Муравьев тяжело вздохнул. Что тут можно возразить! И Екатерина Федоровна перевела разговор на другое:
– Я благодарю бога, что он послал милому Никите такую любящую и преданную жену, как Александрина. Она и Нонушка, которая у них там два года назад родилась, его отрада и счастье. Не представляю, как бы Никита обходился без них!
– Захар Чернышов рассказывал мне на Кавказе о необычайной самоотверженности и безграничной любви своей сестры к Никите, – вспомнил Муравьев. – Кто-то из узников однажды в шутку спросил у Александры Григорьевны, кого она больше любит: бога или своего мужа? «Я надеюсь, – ответила она, – бог не взыщет за то, что Никитушку я люблю больше…»
– Оно так и есть, – подтвердила Екатерина Федоровна. – Когда Никиту арестовали, он упал перед ней на колени и просил простить, что скрыл свое участие в тайном обществе.
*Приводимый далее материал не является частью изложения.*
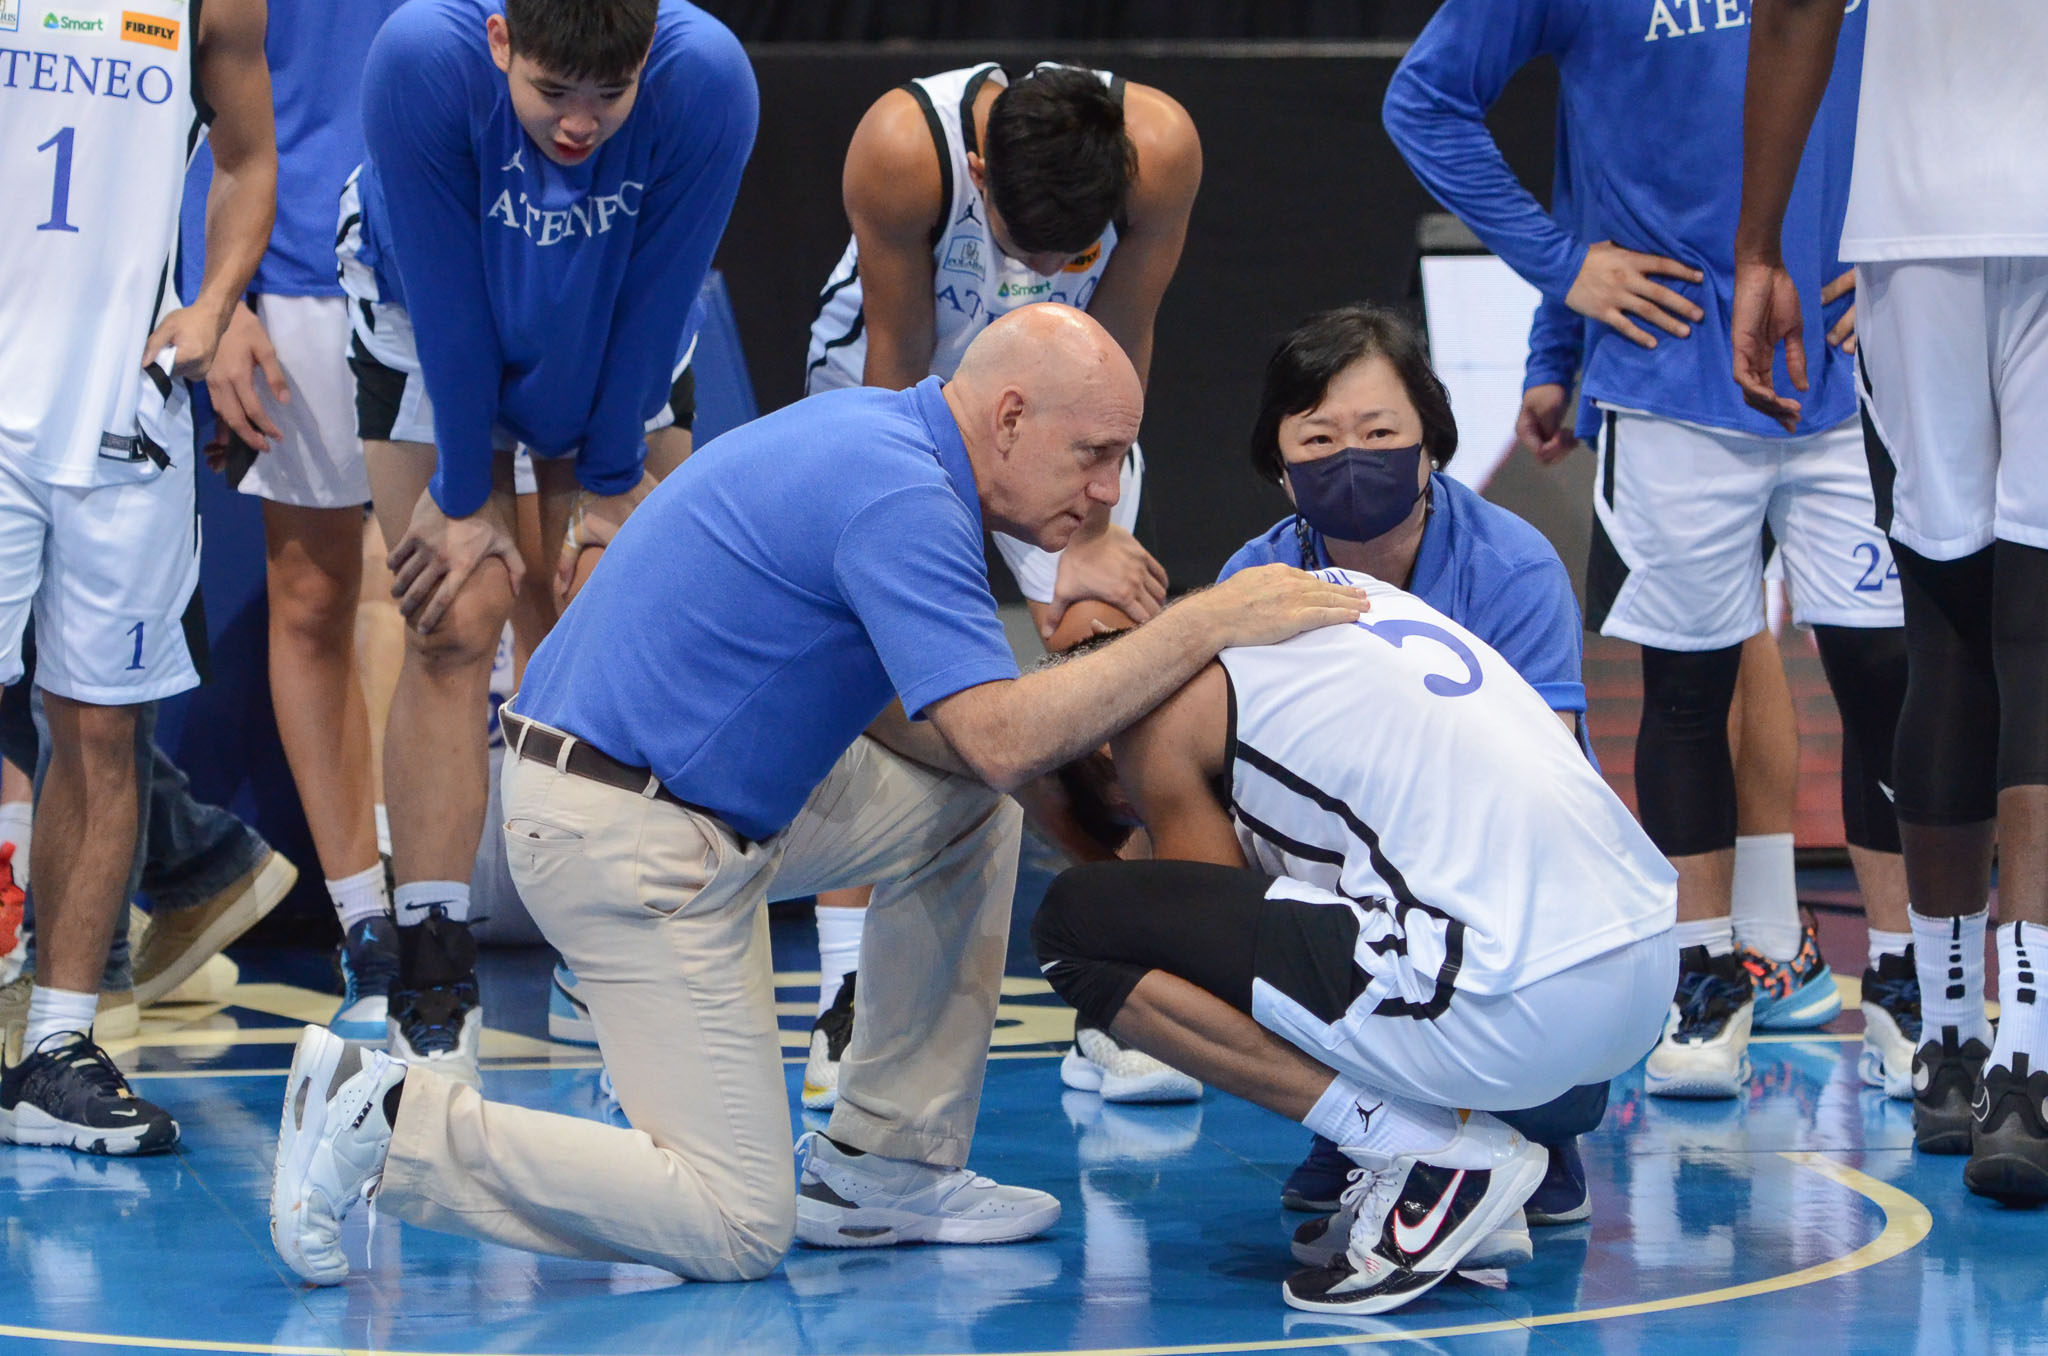 Ateneo coach Tab Baldwin comforts his players after their loss in the UAAP Finals.  UAAP PHOTO

Александрина бросилась к нему на шею и тут же, не раздумывая, заявила, что последует за ним хоть на край света и разделит судьбу его…
Екатерина Федоровна остановилась, вытерла невольно набежавшие на глаза слезы, потом продолжила:
– Александрина и другие жены несчастных, последовавшие за ними в Сибирь, это святые подвижницы. Их почитают таковыми во всех слоях общества. А государю угодно, чтоб с ними обращались там, как с каторжанками, и не позволяли жить в человеческих условиях… Нет, это подло, подло, подло!
Муравьев пробыл у Екатерины Федоровны весь день, а на следующий посетил другого родственника – сенатора Ивана Матвеевича Муравьева-Апостола. Этот визит был еще более грустным.
Страшная участь трех сыновей словно тяжелым камнем придавила старика. Узнать его было трудно. Он сидел у камина в халате и теплых домашних туфлях. Освещенное красным дрожащим пламенем высохшее лицо его с глубоко запавшими глазами и всклокоченными седыми волосами оставляло жуткое впечатление. Он неподвижно смотрел на огонь и что-то бормотал. Когда находившаяся с ним дочь назвала вошедшего в комнату Николая Николаевича, старик медленно повернул голову, молча протянул ему руку, тихим, усталым голосом осведомился о здоровье отца и семейства. И вдруг, несколько оживившись, произнес:
– Вот, послушай… Это я злегию написал… о себе, и об них, сынах моих…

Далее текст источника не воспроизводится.